Task statement: Nothing but the lines from the one containing "Usb 4k Web Cam" through the end of the data should be retyped, exactly as they stand, and pictures should not be retyped.

Supplied information:
= Beginning of Section =

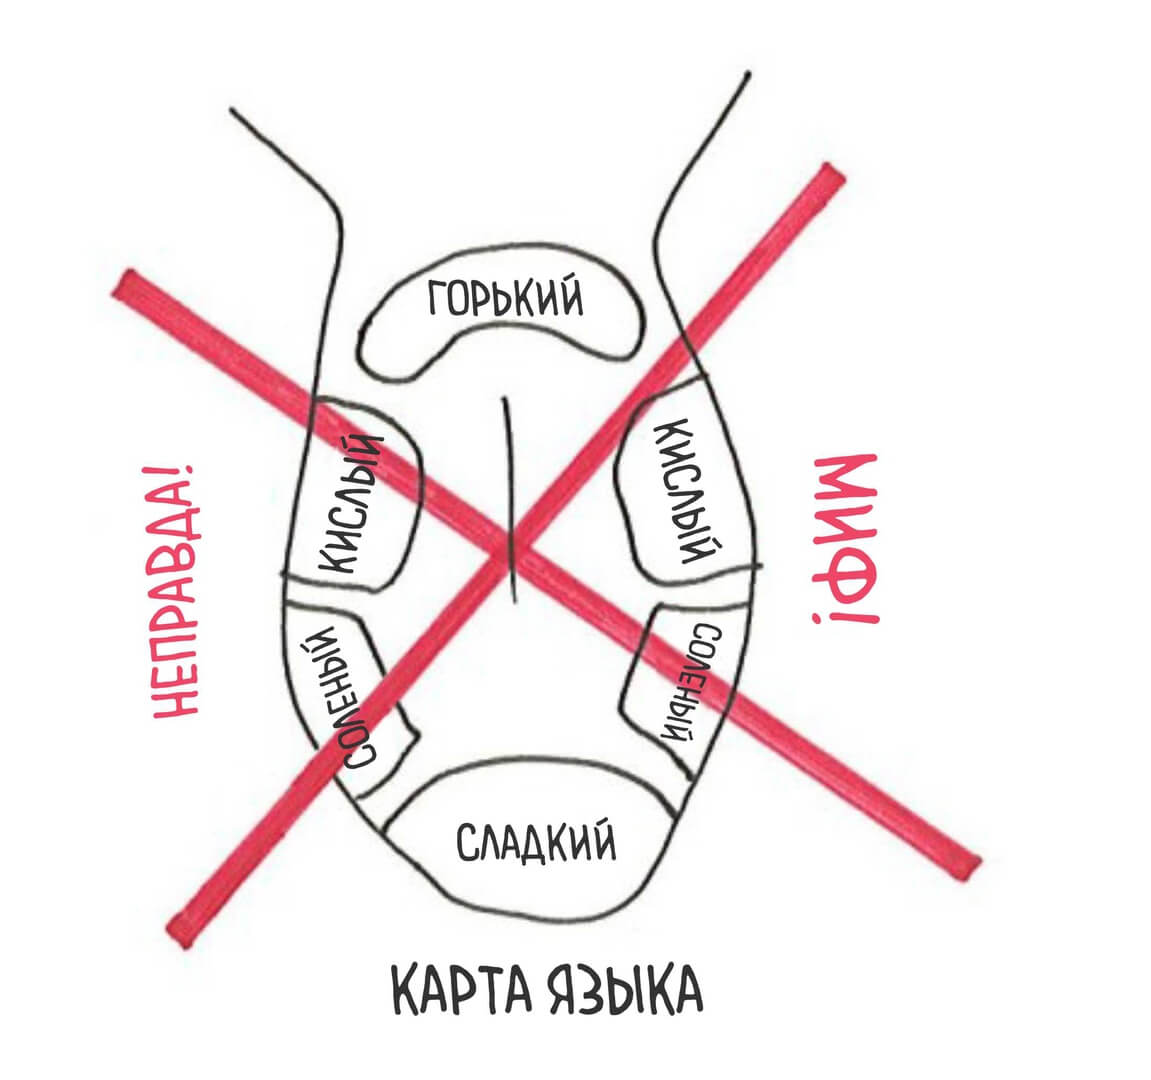 anatomia1ru
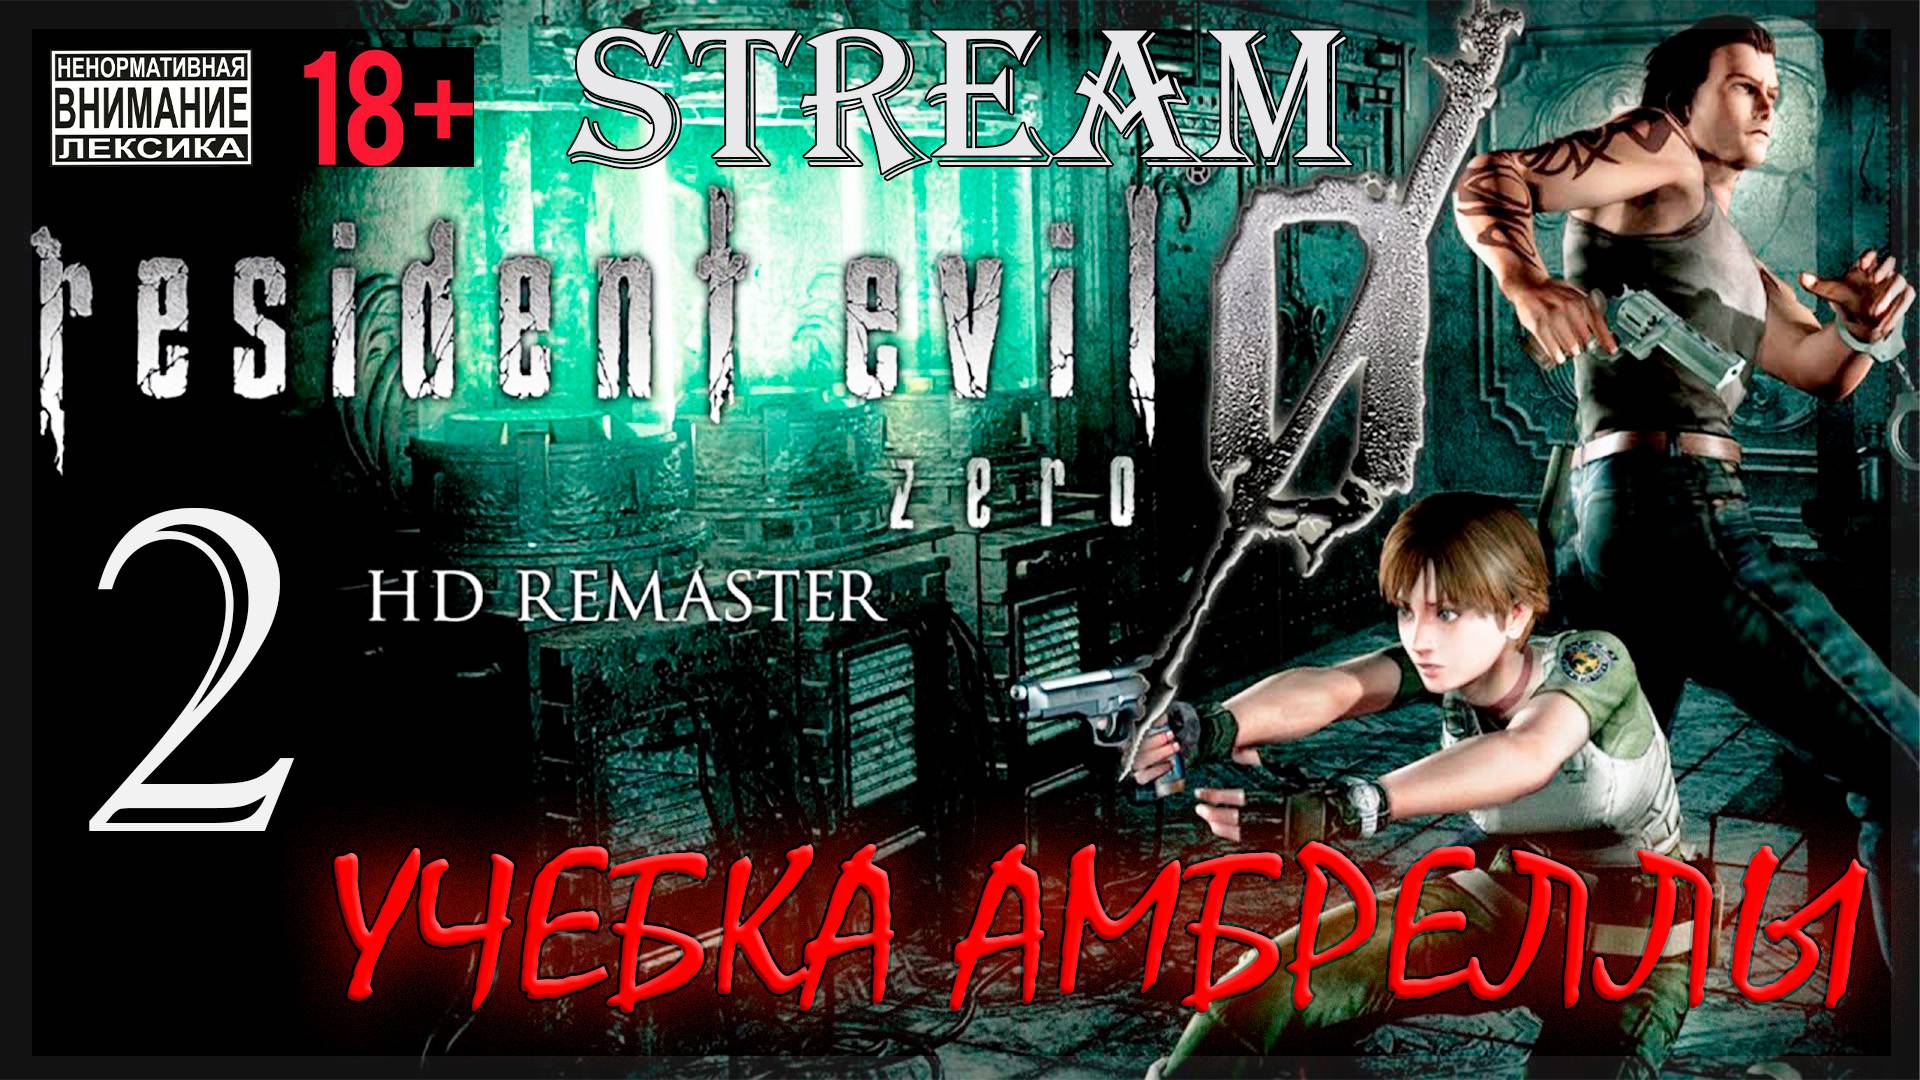 Stream - Resident Evil Zero HD REMASTER #2 Учебка Амбреллы
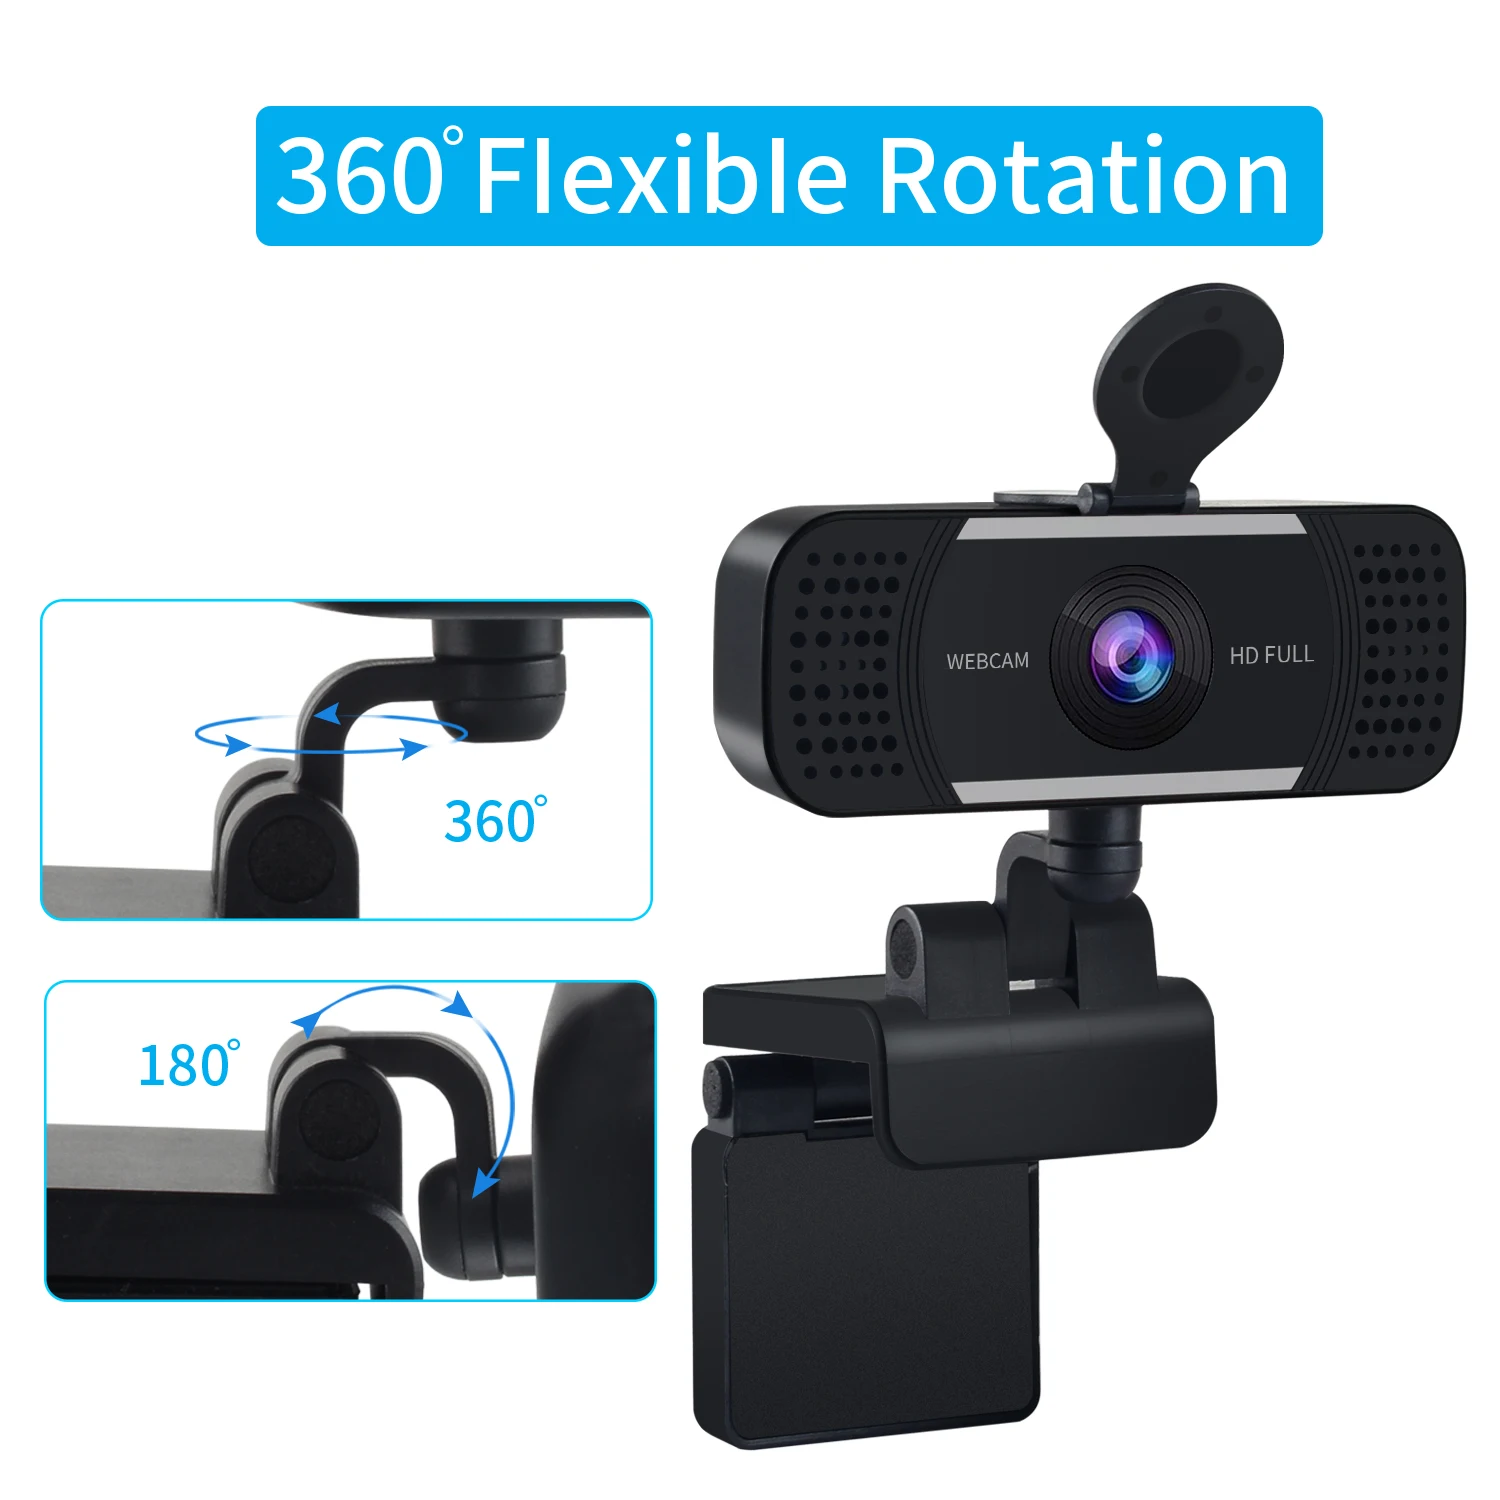 Usb 4k Web Cam With Microphone Autofocus For Pc Full Hd Web Camera 2k 4k 1080p Webcam Buy Webcam Web Camera Webcam 4k Web Cam Product On Alibaba Com
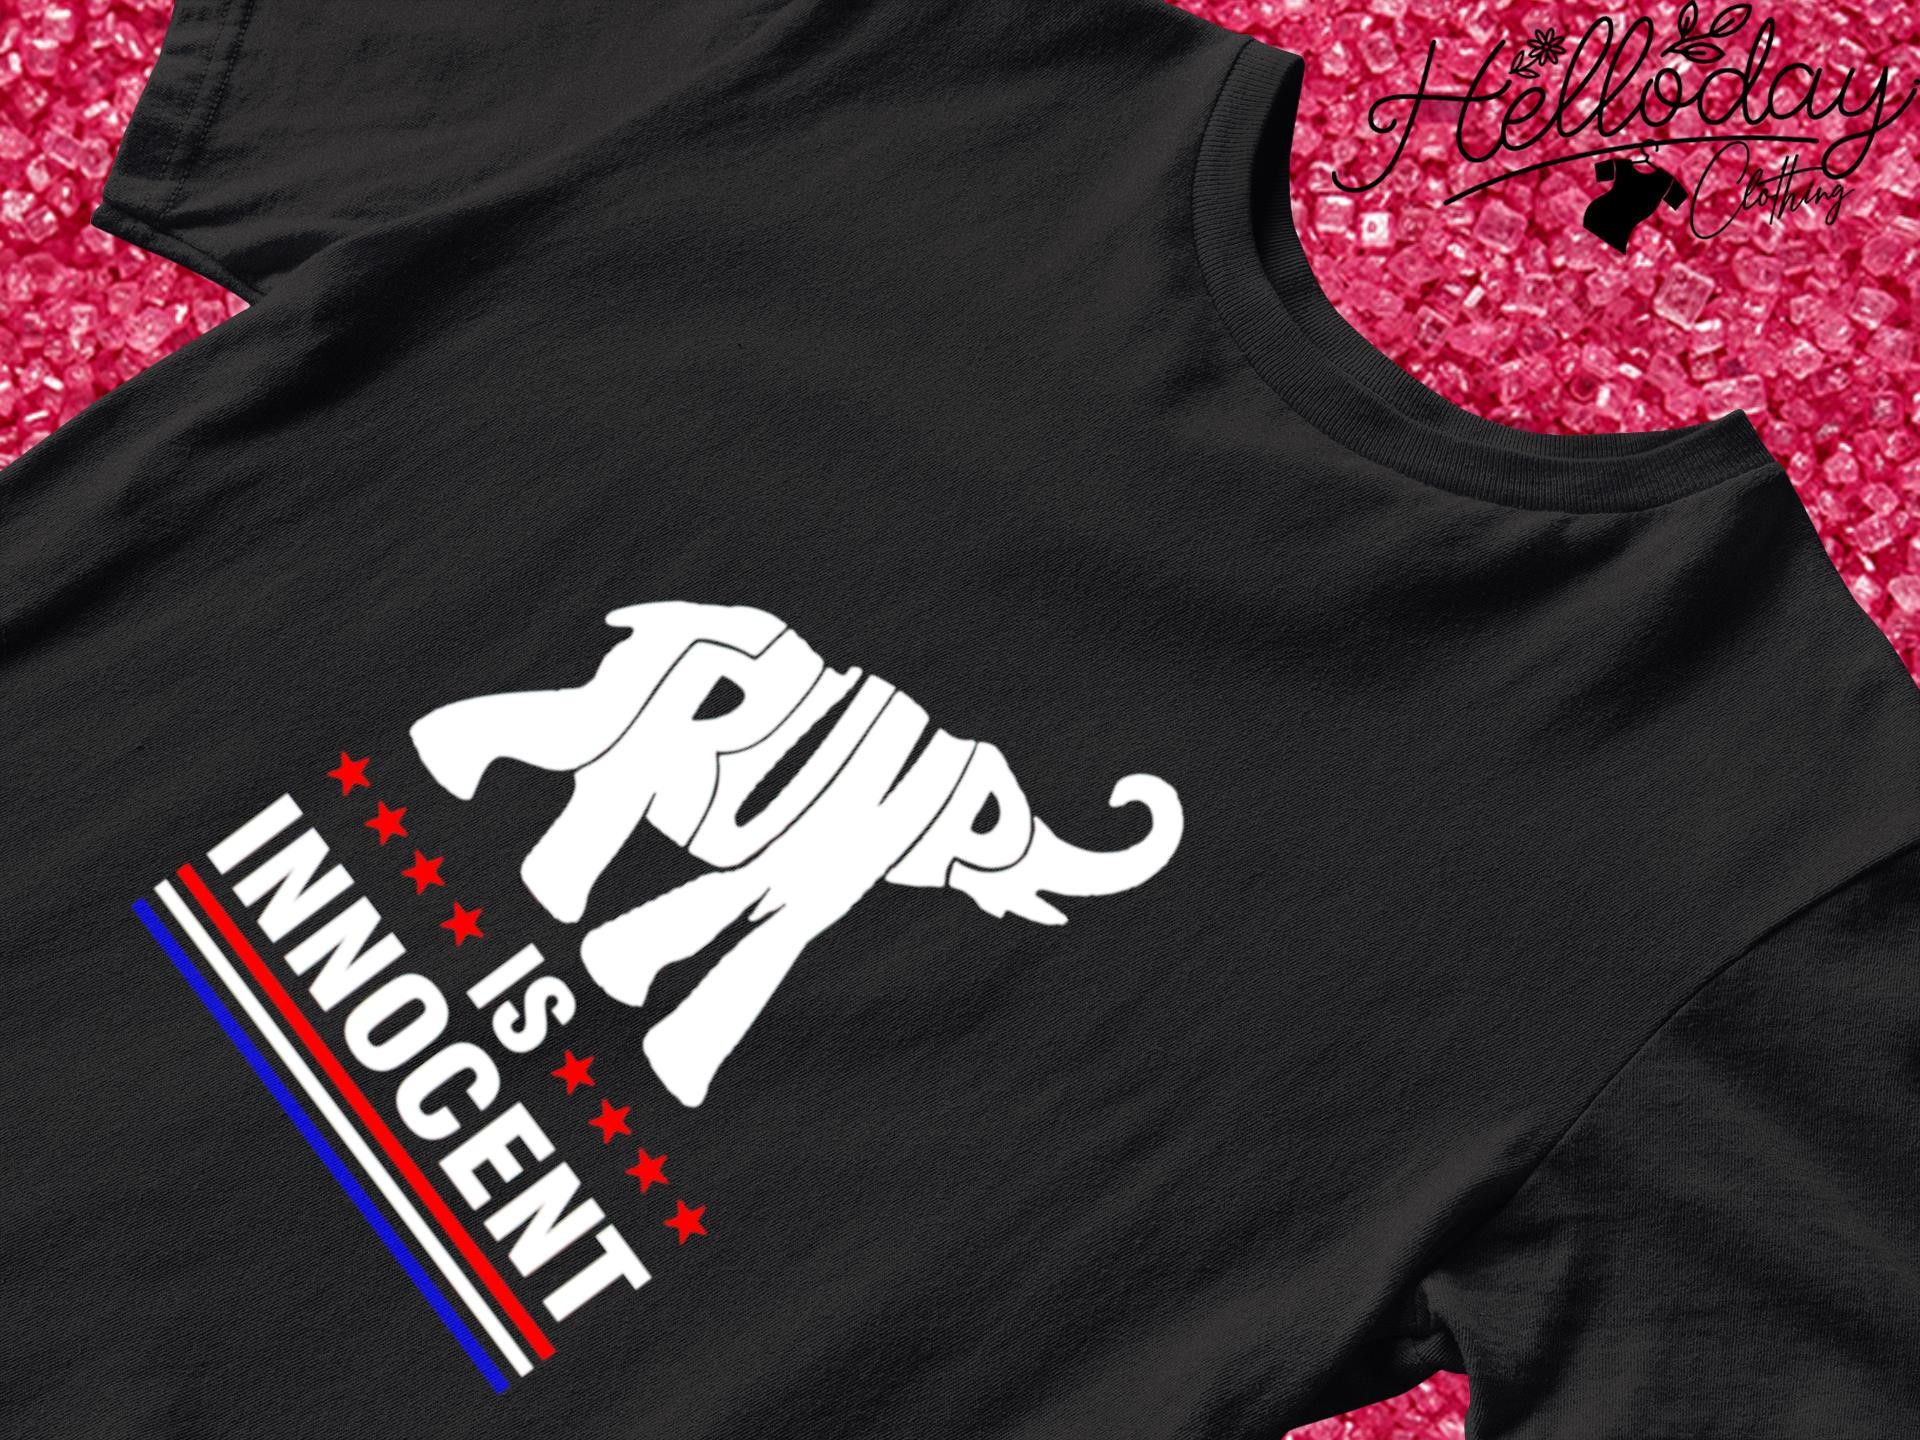 Elephant Trump is Innocent shirt

= End of Section =

Result of this task:
 Usb 4k Web Cam With Microphone Autofocus For Pc Full Hd Web Camera 2k 4k 1080p Webcam Buy Webcam Web Camera Webcam 4k Web Cam Product On Alibaba Com
 Elephant Trump is Innocent shirt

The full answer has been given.